§ What is required
Copy out exactly the lines from the one containing "Großbritannien - 150" to the end of the records below, both included, and nothing else.

Items from a data source:
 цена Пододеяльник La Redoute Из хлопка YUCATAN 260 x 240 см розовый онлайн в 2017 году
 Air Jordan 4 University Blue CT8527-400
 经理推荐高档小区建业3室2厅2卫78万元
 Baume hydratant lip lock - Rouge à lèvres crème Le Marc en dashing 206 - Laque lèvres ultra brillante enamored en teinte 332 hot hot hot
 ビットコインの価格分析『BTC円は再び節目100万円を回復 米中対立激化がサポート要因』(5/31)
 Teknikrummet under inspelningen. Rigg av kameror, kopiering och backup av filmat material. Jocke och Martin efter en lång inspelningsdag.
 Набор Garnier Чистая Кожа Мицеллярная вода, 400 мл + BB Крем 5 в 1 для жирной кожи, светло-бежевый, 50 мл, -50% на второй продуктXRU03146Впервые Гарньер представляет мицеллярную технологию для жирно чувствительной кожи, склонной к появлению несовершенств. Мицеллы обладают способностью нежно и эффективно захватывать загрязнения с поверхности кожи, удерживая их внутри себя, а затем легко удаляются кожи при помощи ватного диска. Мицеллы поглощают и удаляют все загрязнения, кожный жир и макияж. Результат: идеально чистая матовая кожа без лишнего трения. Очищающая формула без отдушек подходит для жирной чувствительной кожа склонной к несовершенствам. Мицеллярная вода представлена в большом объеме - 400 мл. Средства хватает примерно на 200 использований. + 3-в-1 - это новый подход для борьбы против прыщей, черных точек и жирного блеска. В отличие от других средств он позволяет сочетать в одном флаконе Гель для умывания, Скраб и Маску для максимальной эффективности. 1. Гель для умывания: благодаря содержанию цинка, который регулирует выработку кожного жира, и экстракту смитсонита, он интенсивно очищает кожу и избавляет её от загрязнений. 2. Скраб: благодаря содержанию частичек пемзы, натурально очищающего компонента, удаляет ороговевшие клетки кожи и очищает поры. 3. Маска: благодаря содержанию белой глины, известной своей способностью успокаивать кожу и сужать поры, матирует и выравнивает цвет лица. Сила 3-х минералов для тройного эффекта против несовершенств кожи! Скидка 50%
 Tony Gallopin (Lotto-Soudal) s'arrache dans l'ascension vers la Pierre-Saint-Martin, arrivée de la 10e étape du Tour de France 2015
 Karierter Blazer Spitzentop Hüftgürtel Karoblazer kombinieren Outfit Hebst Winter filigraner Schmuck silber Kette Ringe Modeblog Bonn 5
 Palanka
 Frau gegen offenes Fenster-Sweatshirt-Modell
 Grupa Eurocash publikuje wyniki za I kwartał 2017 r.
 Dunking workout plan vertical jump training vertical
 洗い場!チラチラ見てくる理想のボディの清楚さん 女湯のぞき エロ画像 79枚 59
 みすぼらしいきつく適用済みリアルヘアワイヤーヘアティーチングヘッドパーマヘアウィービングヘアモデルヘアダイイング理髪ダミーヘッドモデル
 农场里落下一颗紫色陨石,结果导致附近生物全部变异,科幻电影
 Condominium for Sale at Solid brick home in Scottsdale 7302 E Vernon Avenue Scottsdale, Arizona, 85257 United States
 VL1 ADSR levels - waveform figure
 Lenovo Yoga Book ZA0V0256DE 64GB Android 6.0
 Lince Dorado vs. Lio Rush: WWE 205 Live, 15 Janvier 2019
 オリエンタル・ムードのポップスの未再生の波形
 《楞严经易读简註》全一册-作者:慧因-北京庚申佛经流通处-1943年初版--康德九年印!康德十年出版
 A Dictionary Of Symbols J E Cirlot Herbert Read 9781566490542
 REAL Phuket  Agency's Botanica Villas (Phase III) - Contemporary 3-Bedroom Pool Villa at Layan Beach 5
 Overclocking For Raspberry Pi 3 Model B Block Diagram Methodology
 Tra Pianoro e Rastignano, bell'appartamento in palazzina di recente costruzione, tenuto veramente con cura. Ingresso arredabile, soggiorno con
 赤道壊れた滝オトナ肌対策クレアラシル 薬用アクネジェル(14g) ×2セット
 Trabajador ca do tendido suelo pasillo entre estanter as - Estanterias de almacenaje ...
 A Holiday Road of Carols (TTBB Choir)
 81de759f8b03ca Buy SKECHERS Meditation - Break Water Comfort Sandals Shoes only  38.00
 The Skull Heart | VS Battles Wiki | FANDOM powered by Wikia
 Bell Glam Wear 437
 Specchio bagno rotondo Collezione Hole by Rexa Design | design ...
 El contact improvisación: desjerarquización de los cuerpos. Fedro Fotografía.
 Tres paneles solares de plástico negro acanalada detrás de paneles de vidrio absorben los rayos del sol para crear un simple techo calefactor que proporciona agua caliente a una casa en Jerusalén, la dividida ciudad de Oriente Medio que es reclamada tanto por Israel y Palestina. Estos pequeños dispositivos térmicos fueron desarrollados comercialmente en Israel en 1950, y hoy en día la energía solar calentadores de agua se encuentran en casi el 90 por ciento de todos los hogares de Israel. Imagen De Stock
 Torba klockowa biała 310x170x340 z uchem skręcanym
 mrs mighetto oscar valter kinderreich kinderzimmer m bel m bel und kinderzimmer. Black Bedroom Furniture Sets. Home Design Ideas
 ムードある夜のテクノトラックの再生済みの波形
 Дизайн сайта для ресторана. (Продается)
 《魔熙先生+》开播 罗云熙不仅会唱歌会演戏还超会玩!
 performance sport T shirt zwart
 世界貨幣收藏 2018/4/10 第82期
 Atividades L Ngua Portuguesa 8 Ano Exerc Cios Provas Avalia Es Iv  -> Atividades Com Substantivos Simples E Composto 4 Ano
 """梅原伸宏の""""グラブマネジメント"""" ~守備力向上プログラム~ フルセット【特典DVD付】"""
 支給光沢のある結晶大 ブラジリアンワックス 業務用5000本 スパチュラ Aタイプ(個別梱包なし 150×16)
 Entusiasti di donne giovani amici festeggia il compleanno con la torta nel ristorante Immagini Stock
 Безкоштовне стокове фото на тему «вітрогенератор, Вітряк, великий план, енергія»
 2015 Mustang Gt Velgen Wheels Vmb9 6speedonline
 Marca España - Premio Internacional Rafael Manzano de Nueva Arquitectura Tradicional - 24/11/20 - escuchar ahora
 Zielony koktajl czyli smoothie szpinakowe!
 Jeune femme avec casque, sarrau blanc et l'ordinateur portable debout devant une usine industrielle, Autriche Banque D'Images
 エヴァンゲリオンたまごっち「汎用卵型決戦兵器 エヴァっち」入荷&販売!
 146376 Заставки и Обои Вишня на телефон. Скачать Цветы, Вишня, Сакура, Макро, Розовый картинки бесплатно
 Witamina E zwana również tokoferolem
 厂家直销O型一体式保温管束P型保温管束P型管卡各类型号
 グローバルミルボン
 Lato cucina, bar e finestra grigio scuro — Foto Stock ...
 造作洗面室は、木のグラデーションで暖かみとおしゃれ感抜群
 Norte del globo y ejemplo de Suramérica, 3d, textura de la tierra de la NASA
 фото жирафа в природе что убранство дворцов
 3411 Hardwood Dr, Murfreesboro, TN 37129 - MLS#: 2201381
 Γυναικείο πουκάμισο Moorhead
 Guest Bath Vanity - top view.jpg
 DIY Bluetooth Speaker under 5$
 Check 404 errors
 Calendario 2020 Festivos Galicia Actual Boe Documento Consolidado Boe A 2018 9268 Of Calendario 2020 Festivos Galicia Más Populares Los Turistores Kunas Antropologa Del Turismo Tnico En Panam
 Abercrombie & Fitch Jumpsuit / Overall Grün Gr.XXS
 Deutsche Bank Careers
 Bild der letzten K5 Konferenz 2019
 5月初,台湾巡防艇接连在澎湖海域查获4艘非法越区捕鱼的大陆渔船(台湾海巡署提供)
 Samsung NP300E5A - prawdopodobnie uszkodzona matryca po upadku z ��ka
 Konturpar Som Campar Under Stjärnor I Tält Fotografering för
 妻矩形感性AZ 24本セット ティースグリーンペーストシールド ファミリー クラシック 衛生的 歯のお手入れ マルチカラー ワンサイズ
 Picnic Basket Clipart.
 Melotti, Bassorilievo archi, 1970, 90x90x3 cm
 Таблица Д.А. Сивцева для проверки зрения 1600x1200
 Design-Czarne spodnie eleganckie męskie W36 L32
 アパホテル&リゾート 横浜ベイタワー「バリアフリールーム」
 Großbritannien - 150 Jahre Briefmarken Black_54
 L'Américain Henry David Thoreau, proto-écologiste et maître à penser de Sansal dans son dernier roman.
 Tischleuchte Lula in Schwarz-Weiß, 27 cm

§ Solution to the problem
 Großbritannien - 150 Jahre Briefmarken Black_54
 L'Américain Henry David Thoreau, proto-écologiste et maître à penser de Sansal dans son dernier roman.
 Tischleuchte Lula in Schwarz-Weiß, 27 cm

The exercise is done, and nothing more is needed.